• [Task item]:
Transcribe the lines of the records starting with the one that has "Gourmet: pakan kucing" in it and ending with the last, and transcribe nothing else.

- - - - - - -

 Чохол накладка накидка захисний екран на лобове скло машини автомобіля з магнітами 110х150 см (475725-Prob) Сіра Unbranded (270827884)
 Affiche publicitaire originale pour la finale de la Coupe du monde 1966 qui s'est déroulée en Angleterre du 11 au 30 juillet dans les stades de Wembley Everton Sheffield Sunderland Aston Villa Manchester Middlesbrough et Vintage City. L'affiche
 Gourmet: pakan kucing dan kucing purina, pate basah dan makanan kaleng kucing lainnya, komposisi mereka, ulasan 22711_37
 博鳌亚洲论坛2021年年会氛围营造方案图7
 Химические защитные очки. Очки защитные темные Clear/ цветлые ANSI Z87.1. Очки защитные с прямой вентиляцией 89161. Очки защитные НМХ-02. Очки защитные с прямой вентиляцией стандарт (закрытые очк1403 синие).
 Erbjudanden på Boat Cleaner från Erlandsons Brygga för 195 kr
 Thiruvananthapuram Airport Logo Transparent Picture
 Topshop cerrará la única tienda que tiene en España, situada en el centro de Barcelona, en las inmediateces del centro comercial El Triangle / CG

- - - - - - -

• [Final answer]:
 Gourmet: pakan kucing dan kucing purina, pate basah dan makanan kaleng kucing lainnya, komposisi mereka, ulasan 22711_37
 博鳌亚洲论坛2021年年会氛围营造方案图7
 Химические защитные очки. Очки защитные темные Clear/ цветлые ANSI Z87.1. Очки защитные с прямой вентиляцией 89161. Очки защитные НМХ-02. Очки защитные с прямой вентиляцией стандарт (закрытые очк1403 синие).
 Erbjudanden på Boat Cleaner från Erlandsons Brygga för 195 kr
 Thiruvananthapuram Airport Logo Transparent Picture
 Topshop cerrará la única tienda que tiene en España, situada en el centro de Barcelona, en las inmediateces del centro comercial El Triangle / CG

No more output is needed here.